Isaiah cried much more after we got him circumcised. Understandably, poor little thing! So I was sad every time I changed his diaper. And afterwards. And before.
Marcus worked that night, and he always works really late, getting home around 2am. And the next night for some reason he decided he would go have some drinks with his work friends & again came home after 2am. Right after I talked about how helpful he had been! And then the next night he took his 5 year old to his parents’ house so he could go fishing with them the next day, and he ended up staying the night. The days weren’t difficult because my mom was there. But three nights in a row, I was by myself with his painful incessant cries. When I tried to talk to Marcus about it, he said he understood but acted annoyed that I was talking. I realize that it only felt worse because these three events just happened to occur back to back. But it still felt like I was being abandoned.
I was exhausted and sad. I don’t remember anyone talking about how difficult the first few weeks were. Maybe they told me, and I didn’t listen? I called my sister to see how things were for her. They were a blur, she said. She remembers crying a lot, dreading falling asleep, knowing she would be woken up in the middle of the night to feed him. She remembers being mean to my mom, who was there to help her too; she refused to accept her help. But she assured me that it gets better. Maybe it was a blur to her because afterwards it was so rewarding.
For me, it did immediately begin getting better.
Marcus, Isaiah, his big brother, and I went to brunch Sunday, an old tradition with an old friend that was in town. And lots of old friends came to see her off & to meet Isaiah. It was the first time I fixed my hair & put on makeup since before the birth. It felt good to be out, to see everyone, to be surrounded by loved ones.
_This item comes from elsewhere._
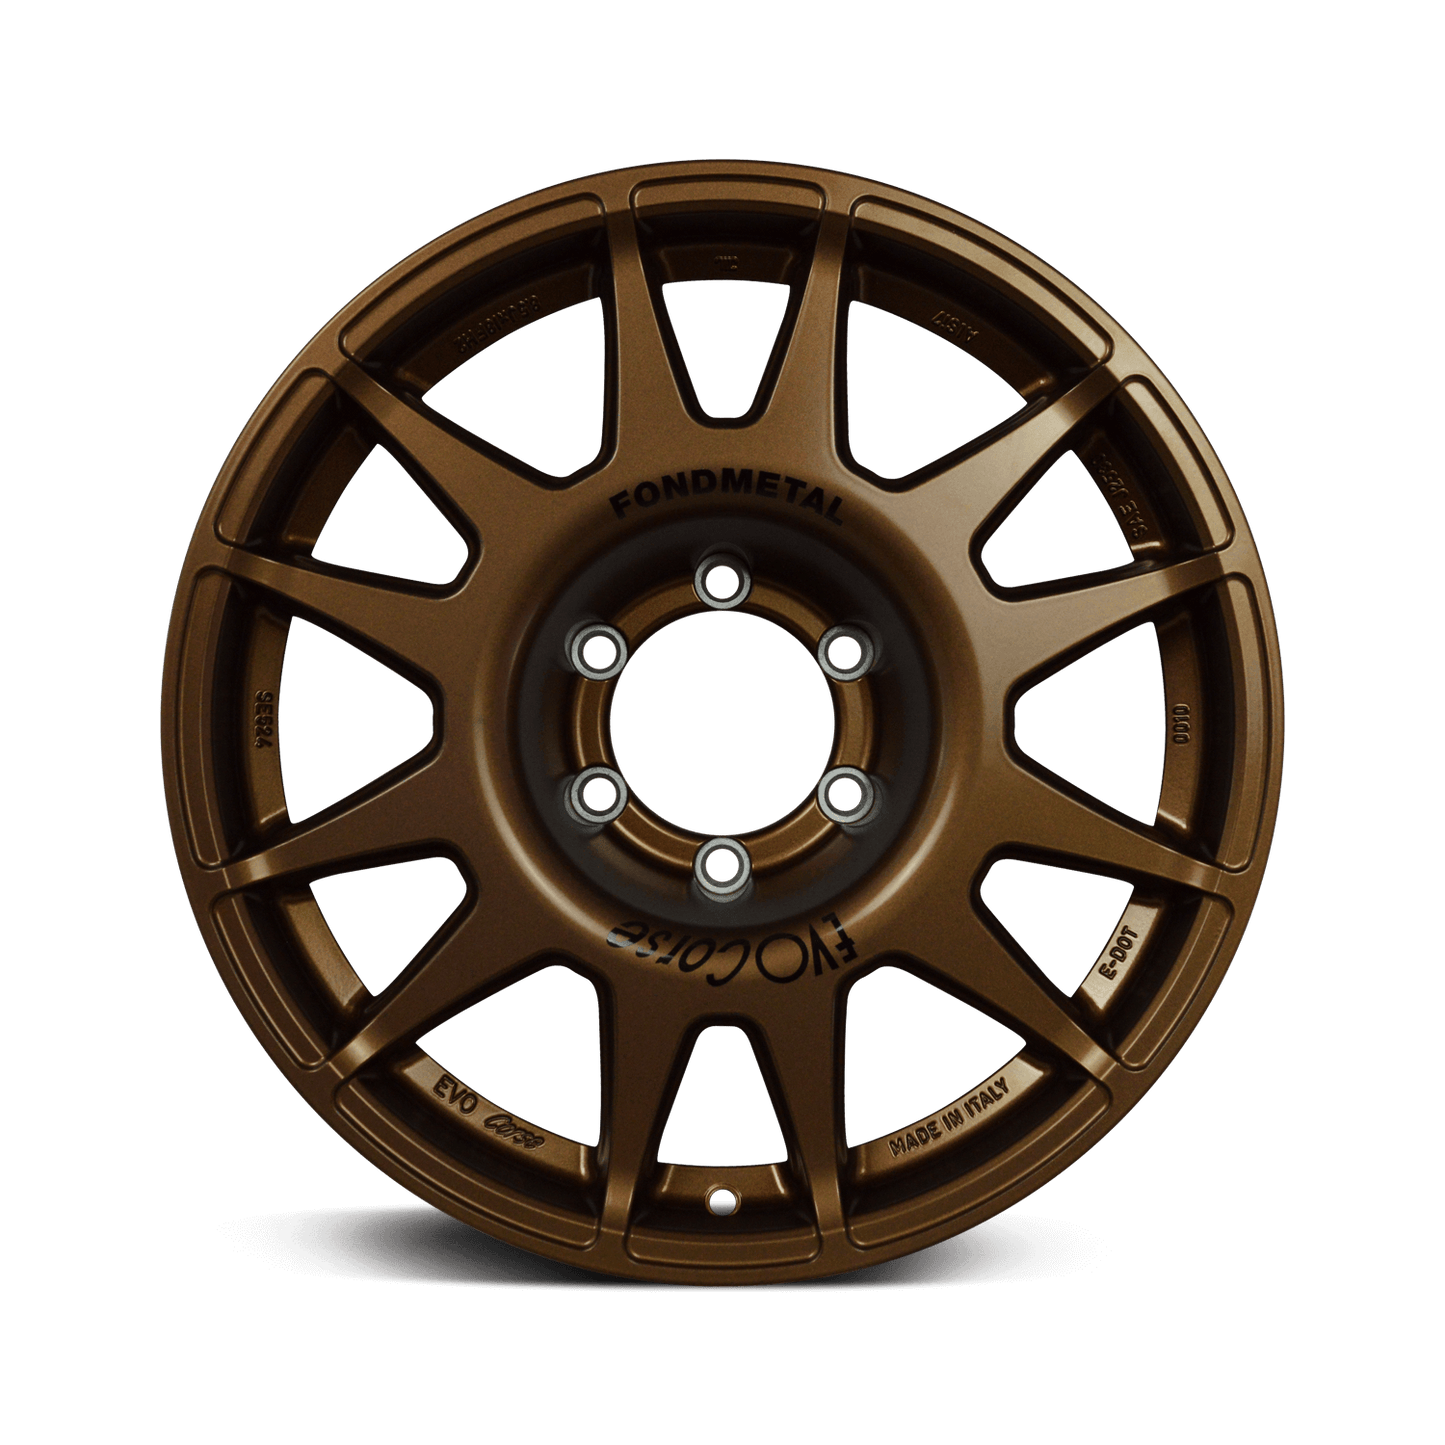 Evo Corse wheel front view mat bronze, for toyota land cruiser 300 series. the 4x4 off road allow wheel with the highest high load rating for overlanding, rally, 4wd expedition use in australia

I was really nervous about the possibility of having to breastfeed in public, but he slept the whole time!

We didn’t have any events this week, so Marcus was around mostly during the day. That helped. I guess I’m okay when I feel like we’re doing this together.
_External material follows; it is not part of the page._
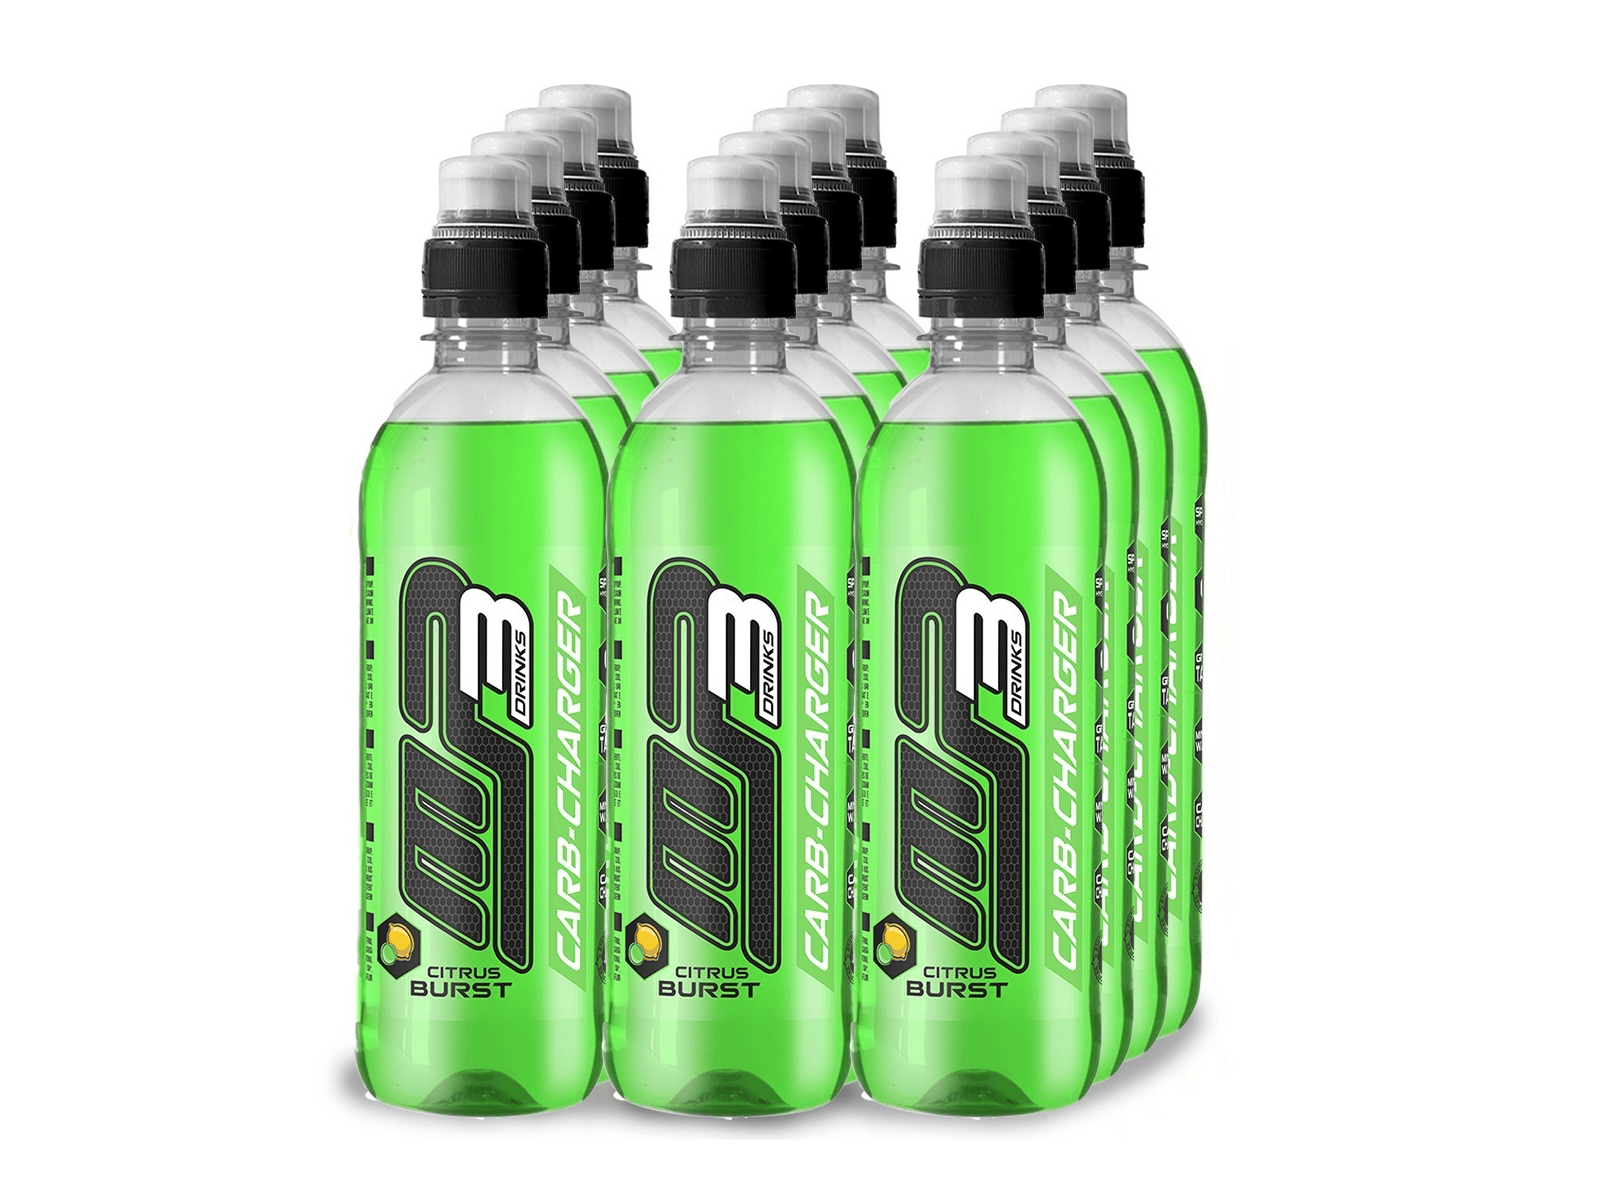 Carb-Charger (12-pack) (Citrus Burst - 12 x 500 ml) - MP3 DRINKS

My friend Trisha let us borrow The Happiest Baby on the Block, and that has helped significantly at times. He has healed from the circumcision, so it seems like there is less crying. And also, I bought a sling. I am sooo far away from being able to use it properly, but Isaiah & I already love it. He falls asleep almost immediately after getting in, and I love that he is close to me. I can feel him breathing as I type now.